Because of their exaggerated stress on economic determinism they take a fatalistic attitude of the inevitability of the “social revolution” not realizing the many factors that are likely to retard or totally eliminate what they consider the inevitable impoverishment of the masses.
They have an unbounded faith in the justice, humanity, and wisdom of an all-inclusive State. A faith for which there are no scientific grounds to substantiate.
They have a perverted notion of the importance of men to react upon their environment and class all such attempts by the derogatory name of “utopian.”
Their replies to the criticism that the vast centralization which socialism implies would mean incompetence, tyrrany, corruption, a condition of classes, an insufferable bureaucracy with no limits to the denial of individual freedom give evidence to their utopian faith that such would not be so. This unfounded faith they brand as “scientific”.
History can best be explained by man’s will to live, that is his unquenchable desire to express himself to the full extent of his potentialities, and the economic factor is but a part of the manifestation of this will.[3]

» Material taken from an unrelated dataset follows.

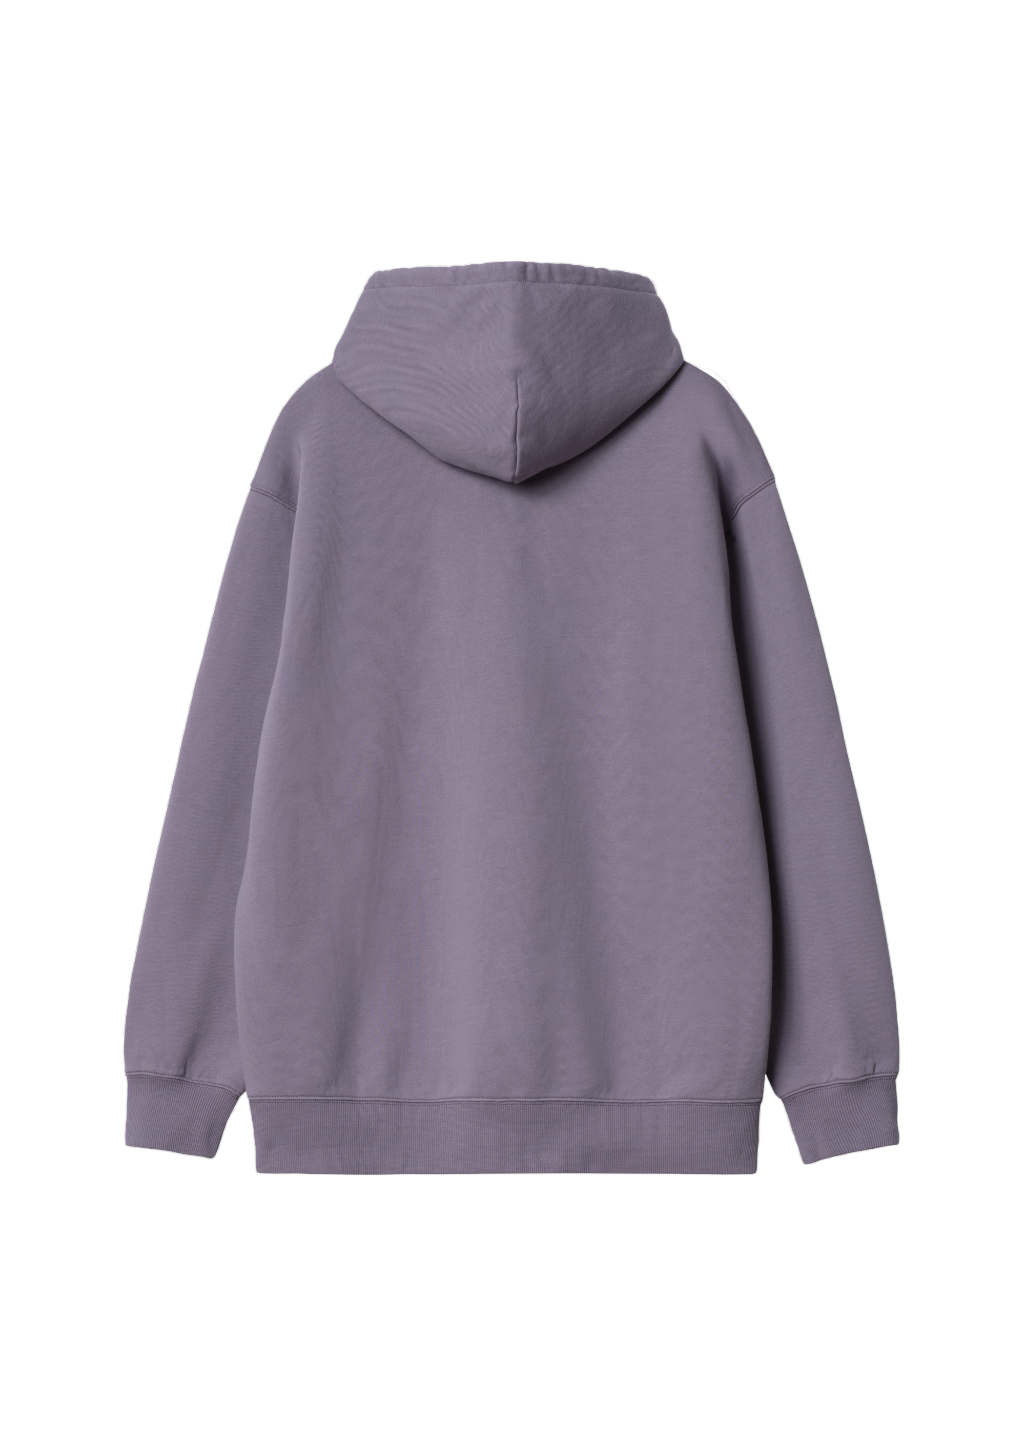 Carhartt WIP - W' Hooded Carhartt Sweatshirt - Glassy Purple

This will to live expresses itself in many non-economic phases such as art, religion, sex, power, ambition, contest, display, pleasure, play, love of emulation, etc. which though inseparably bound up with economic processes are more or less distinct from them. In other words life is much more complex than the Marxians seem to think. Tho it is true that to a hungry man the filling of his belly seems to him to be the most important thing in life.
Man is more than the passive recipient of progress, but also the active creator of it.
While history can largely be explained by a theory of class struggle to say that this struggle is based only on economic grounds is to take a lop-sided view of things. The fact is that these struggles were seldom between those who had and those who had not as Marxians think but between those who had and desired more with those who had not doing the fighting.
[1] “Man’s” mistakenly spelled as non-possessive.
[2] The original document has a typo double “the.”
[3] “Man’s” mistakenly spelled as non-possessive.